Advancing solar cell technology through materials research

The Feng Yan Lab at ASU investigates thin-film solar cells and semiconductor material to improve the performance of solar technology.

Artificial intelligence is rapidly reshaping the modern world. Data centers that support artificial intelligence require enormous amounts of energy to remain operational – and the demand grows each year.

According to the International Energy Agency, electricity consumption from data centers worldwide is projected to reach 945 terawatt-hours by 2030, over double the 415 terawatt-hour demand reported in 2024.

As the global energy demand increases, the improvement of energy efficiency has become a top priority for researchers.

At Arizona State University, the Feng Yan Lab addresses these challenges through research focused on thin-film solar cells and semiconductor materials designed to improve the harvesting, conversion and storage of renewable solar energy.

Led by Feng Yan, an associate professor in the Materials Science and Engineering program at the School for Engineering of Matter, Transport and Energy, the lab investigates new materials and device architectures to improve the efficiency and performance of next-generation solar technology.

“The AI revolution requires data centers which rely on power plants,” Yan says. “Solar energy can play an important role in powering these systems on Earth and in space.”

Alternatives to traditional solar cells

Traditional solar cells are often composed of silicon, then used in solar panels for energy conversion. Although silicon dominates the current commercial market, other solar materials provide advantages for the development of thin-film cells.

“We investigate different sunlight absorbing materials, such as Cadmium Telluride, Antimony selenide/sulfide and halide perovskite solar technology. We also investigate tandem solar technology by stacking these solar devices,” Yan says. “Each of these materials has a unique performance, crystalline structure and specific thin film deposition.”

One challenge with conventional solar panels is their heavy composition, high material consumption, and high manufacturing costs. Silicon-based panels are bulky, making them difficult to install on certain structures and more expensive to produce. Thin-film solar panels, by comparison, have lower material usage, stronger light absorption, are cost-effective, and offer better flexibility.

However, improving the efficiency and durability of thin-film solar cells remains a challenge for researchers.

Each semiconductor contains a band gap, and the magnitude of the band gap determines what kind of light the material can absorb. In Yan’s lab, there is a particular interest in perovskite solar cells, which contain adjustable band gaps.

“The unique thing about perovskite material is its defect tolerance,” Yan says. “That means the material is able to maintain its performance despite imperfections in the cell compared to other solar technologies, like commercial silicon and Cadmium Telluride, which are very sensitive to the defects.”

Tandem solar cells

To improve light absorption and overall efficiency, Yan’s group also studies the perovskite cells in a different composition; the tandem solar cell.

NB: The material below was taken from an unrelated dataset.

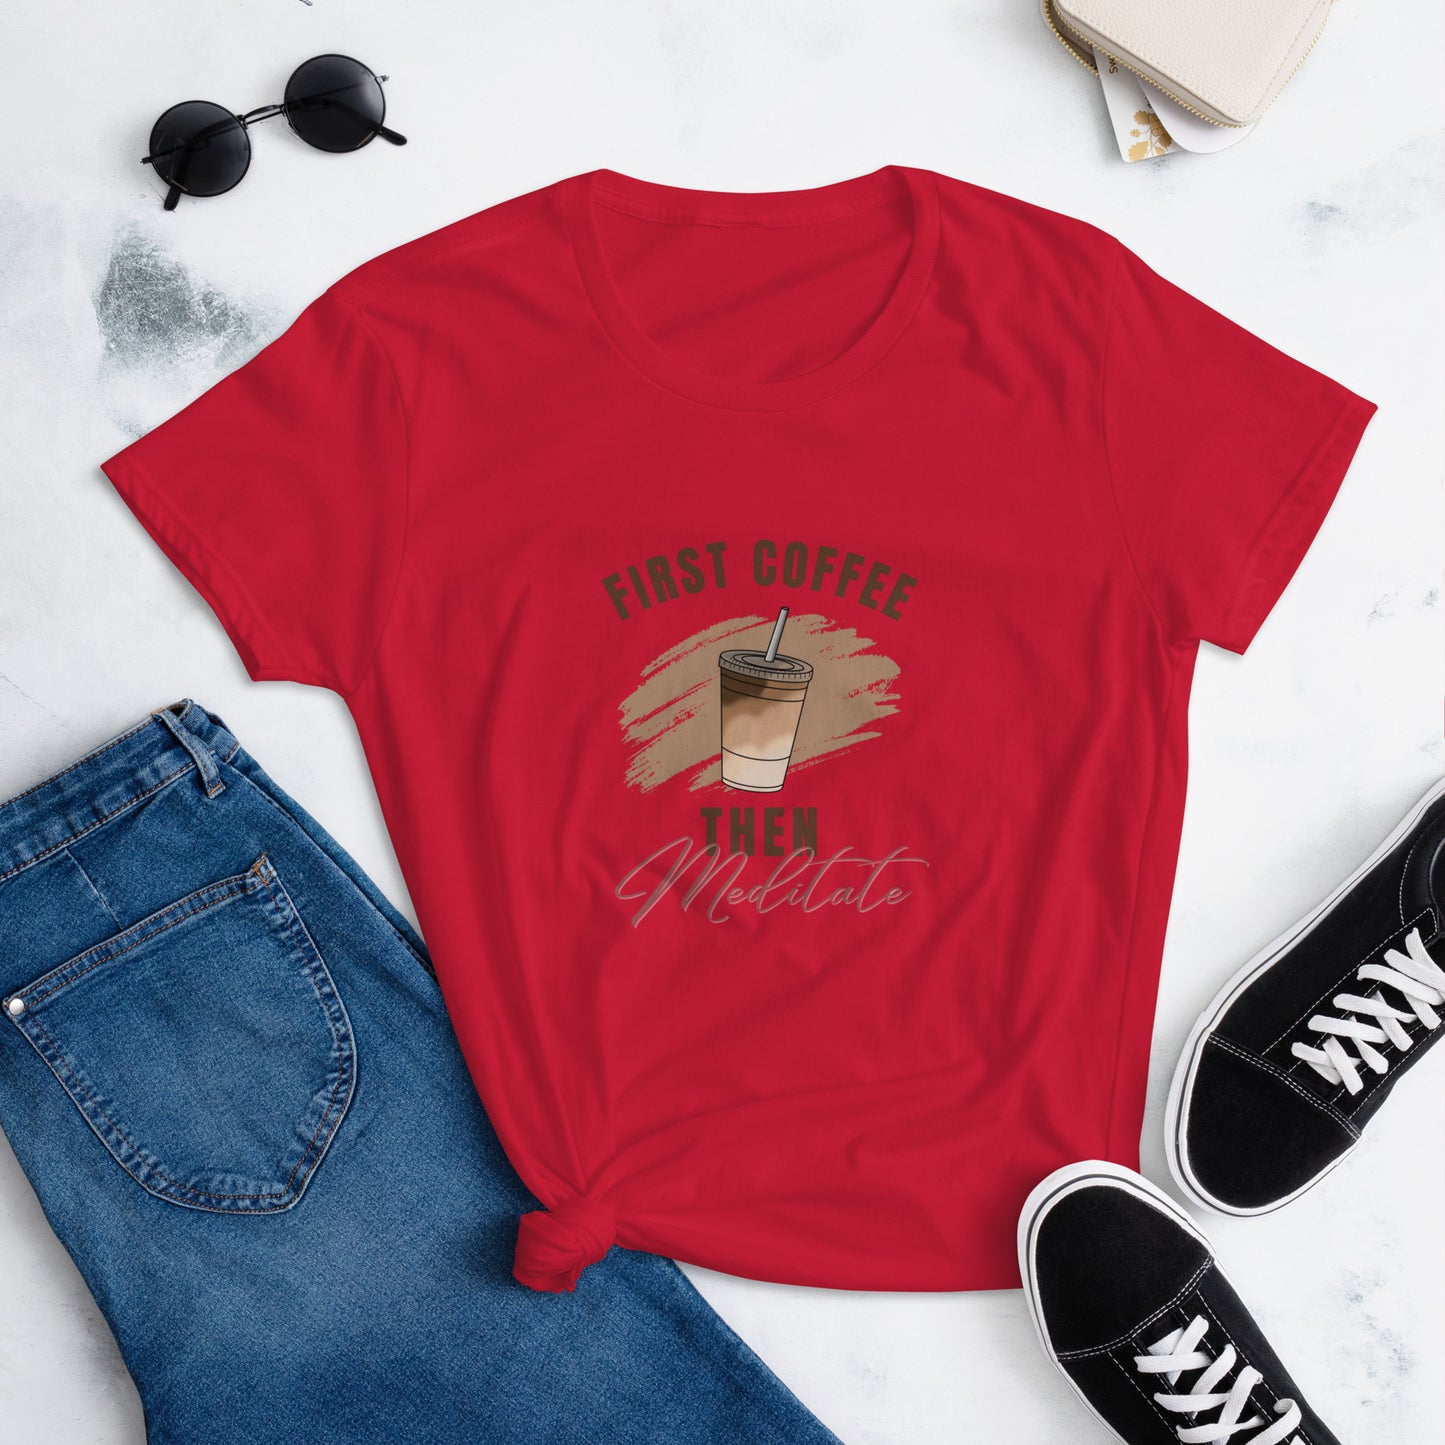 "First Coffee Then Meditate" Women's short sleeve t-shirt

Sunlight can shine through a single absorbing layer relatively easily. However, additional absorber layers with varying band gaps can maximize light absorption across the solar spectrum. Tandem solar cells stack low and high bandgap solar cells in one device to maximize the sunlight absorption.

“One material can only absorb a certain area of the sunlight spectrum based on its band gap,” Yan says. “The tandem device balances different absorbers with various band gaps, allowing for a broader range of absorption than a single solar cell is capable of.”

Developing these materials, however, requires extensive experimentation.

Traditional solar cell research often relies on trial-and-error testing, repeatedly altering chemical compositions and fabrication conditions to improve device performance.

A recent revolution for Yan’s lab is the integration of machine learning into this process.

“By utilizing machine learning and AI, we can narrow our data down to specific growth windows for the thin-film and achieve the desired device performance in a short period,” Yan says.

The desired thin-film growth window is the range of conditions under which the thin-film material forms the desired structure, such as temperature, film thickness, pressure, etc.

By using machine learning to process experimental data, Yan’s lab can identify patterns and optimize device performance more efficiently.

Learning through collaboration

Because this research combines materials science, physics, chemistry and electrical engineering concepts, collaboration plays a major role within Yan’s lab. “Students may come from a variety of different majors, but they learn from each other while working on the same project,” Yan says.

Through collaborative research, the students gain experience in semiconductor physics, material synthesis, and computational modeling.

For undergraduate students, the lab provides opportunities to bridge the gap between classroom knowledge and hands-on applications.

As for graduate researchers, Yan employs a more exploratory approach to learning.

“We have to think out of the box,” Yan says. “Research is about creating new knowledge based on what is already documented in textbooks and the scientific literature.”